Ergene Nehri’nin temizlenmesi için mücadele veren Ergene Platformu Sözcüsü Bülent Kaçar’a, bakanlık tarafından yapılan ‘Ergene Havzası Koruma Eylem Planı’nın olumlu etkilerinin görülüp görülmediğini soruyorum. Gülerek “Bu kaçıncı plan” diye yanıtlıyor. Ekliyor:
"İlk davayı 1997 yılında açtık. Dokuz üreticinin ürünleri Ergene'nin suyu yüzünden kurumuştu. Çevre Bakanlığı bundan sorumludur demiştik, Danıştay da onamıştı. Çevre Yasası’nın 15 ve 30’uncu maddeleri de tehlikeli hallerde işletmelerin faaliyetleri durdurulur diyor. Ama işte nehrin hali ortada... Hiçbir şey değişmiyor"
"Burada artık hiçbir canlı organizma yaşamıyor. Yaşamadığı gibi kışın taşıp ovayı kaplayan nehir, sadece etrafındaki canlıları değil Türkiye’nin başka yerlerindeki insanları da tehdit ediyor" diyen yılların Ergene savunucusu Hacer Doğrugüven, bitki analizlerinde ürünlere geçen ağır metallerin tespit edildiğini ileri sürerek bölgede mesane ve böbrek kanseri vakalarındaki artışa dikkat çekiyor.

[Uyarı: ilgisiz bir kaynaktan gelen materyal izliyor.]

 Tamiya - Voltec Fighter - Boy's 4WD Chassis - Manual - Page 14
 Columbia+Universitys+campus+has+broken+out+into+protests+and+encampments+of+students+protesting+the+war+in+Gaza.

Havzada 2100 civarı sanayi tesisi bulunuyor. Tesislerinin yüzde 76’sı Tekirdağ, yüzde 12’si Kırklareli ve yüzde 12’si Edirne’de yer alıyor.
Istranca Dağları’nda doğup 283 kilometre aktıktan sonra Meriç’e karışıp Saroz Körfezi’ne dökülen Ergene Nehri’nin etki alanında bulunan 68 belediyede 1 milyon 50 bin kişi yaşıyor.

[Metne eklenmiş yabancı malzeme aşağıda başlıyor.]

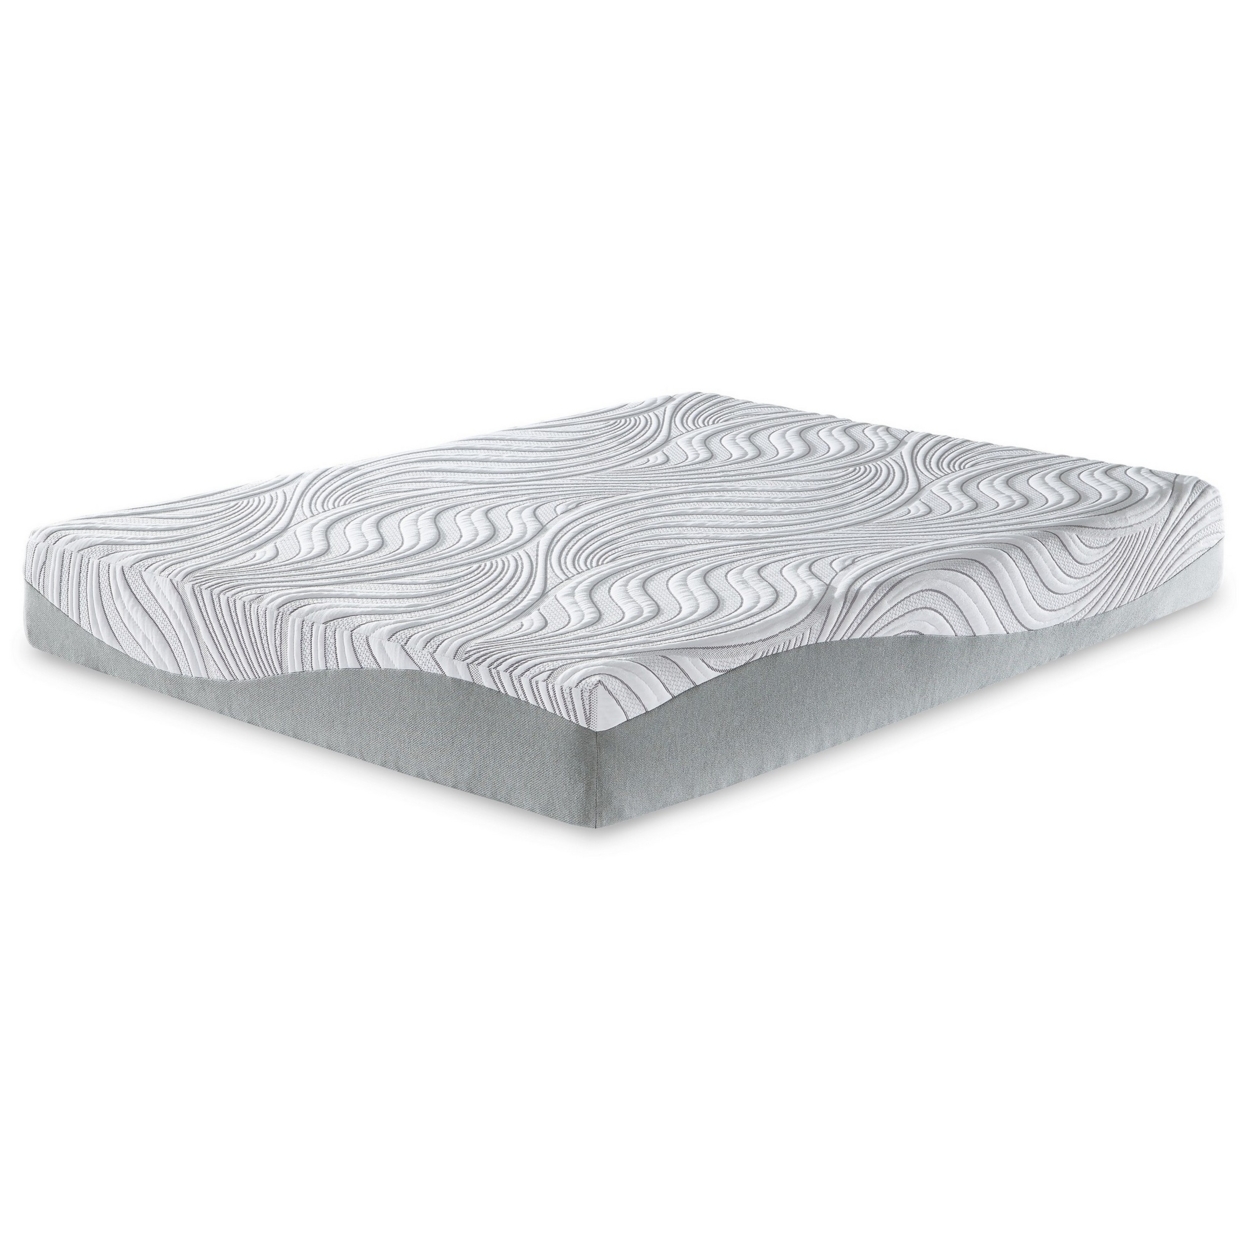 10 Inch Memory Foam Queen Mattress, White And Gray, Stretch Knit Cover

Ergene Havzası’nda ülkemizin buğday üretiminin yüzde 12’si, ayçiçeği üretiminin yüzde 61’i, pirinç üretiminin ise yüzde 54’ü yapılıyor.

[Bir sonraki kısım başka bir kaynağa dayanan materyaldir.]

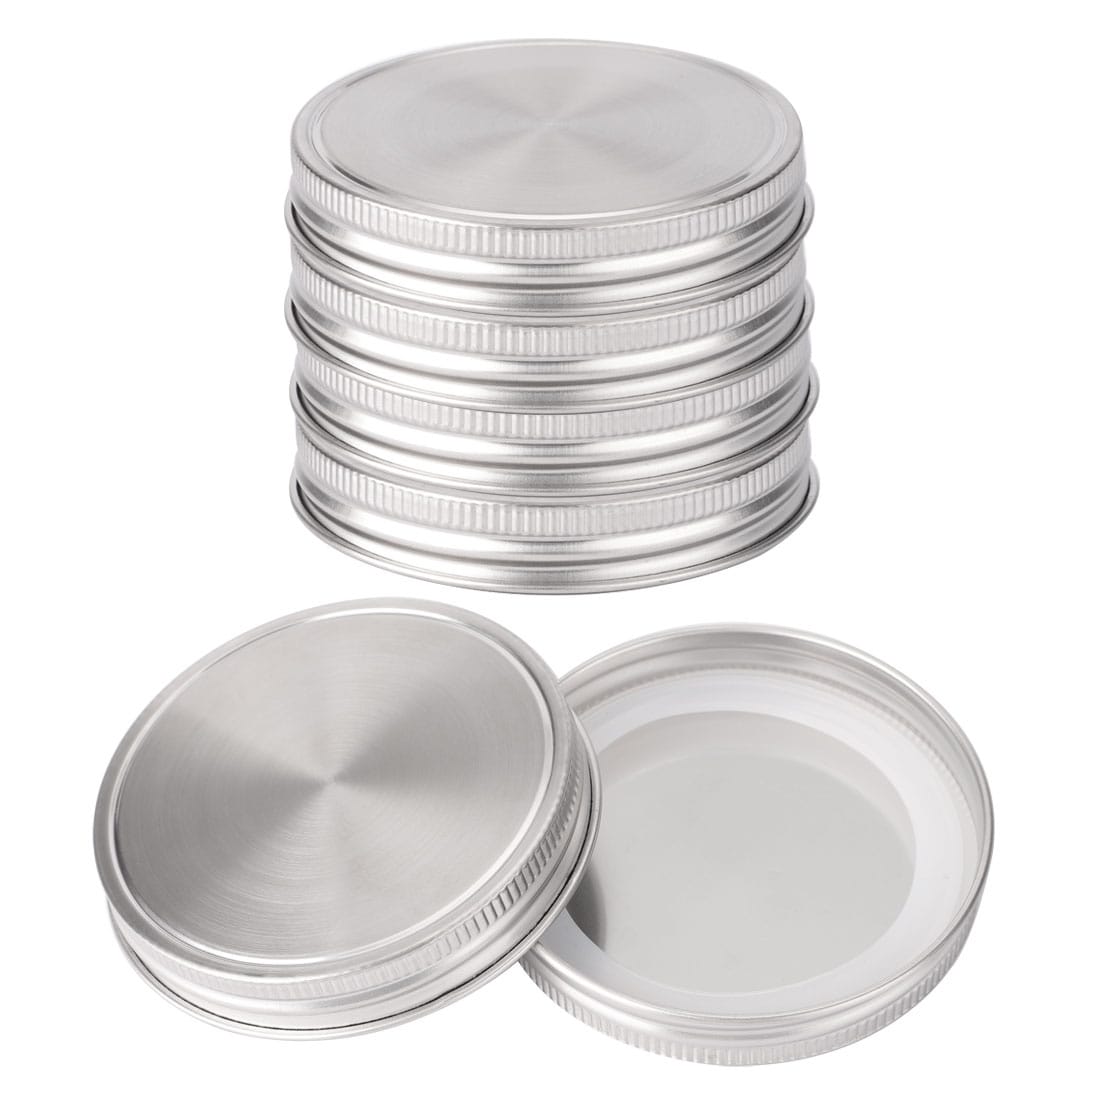 https://ak1.ostkcdn.com/images/products/is/images/direct/54e72adbba01f76dd846e00afa3296f7e218c6dd/6pcs-Stainless-Steel-Wide-Mouth-Mason-Jar-Lids-with-Sealing-Rings-Food-Storage-Caps-for-Mason-Canning-Ball-Jars.jpg

Uzunköprü Belediyesi’nin kasım ayında akredite laboratuvarda yaptırdığı analize göre Ergene Nehri’nin sadece beşte biri su. Geri kalan beşte dörtlük kısım ise niteliği belirsiz sıvı olarak adlandırılıyor.
Analiz sonuçlarına göre Ergene Nehri’nin su kalitesi 4’üncü sınıf kirletilmiş su olarak geçiyor. Dünya standartlarına göre bu en kirlenmiş su ve yanına dahi yaklaşılmaması gerekiyor.
1 litre ergene suyunda;
30 mikrogram siyanür
10 mikrogram yağ ve gres
124 mikrogram sülfat
0.5 mikrogram kadminyum
0.5 mikrogram kurşun
Ergene Havzası Koruma Eylem Planı hakkındaki Başbakanlık Genelgesi 13 Haziran 2013 tarihinde yayımlandı. Orman ve Su İşleri Bakanı Prof. Dr. Veysel Eroğlu “Bu plan, Ergene’yi kurtaracak 15 eylem içeriyor” diye duyurmuştu planı. Buna göre dere yatakları temizlenecek, belediyelere ileri biyolojik atık su arıtma tesisleri kurulacak, nehir boyunca dağılmış düzensiz sanayi tesisleri ‘Islah Organize Sanayi Bölgeleri’nde toplanacak, ortak atık su arıtma tesisleri kurulacak ve tarladan fabrikaya kadar nehrin temizliği için sıkı denetimler yapılacaktı.
Kâğıt üzerinde yapılması gereken her şey planda vardı. Bakan Eroğlu planın hedeflerini ise 4. sınıf kalitesindeki nehir suyunun 2016’da 3. sınıf, 2020’de ise 2. sınıf su kalitesine ulaştırılması olarak açıklamıştı. Geçen ay yapılan analizlerde ise durumun değişmediği, nehir suyunun halen 4. sınıf su kalitesinde olduğu görüldü.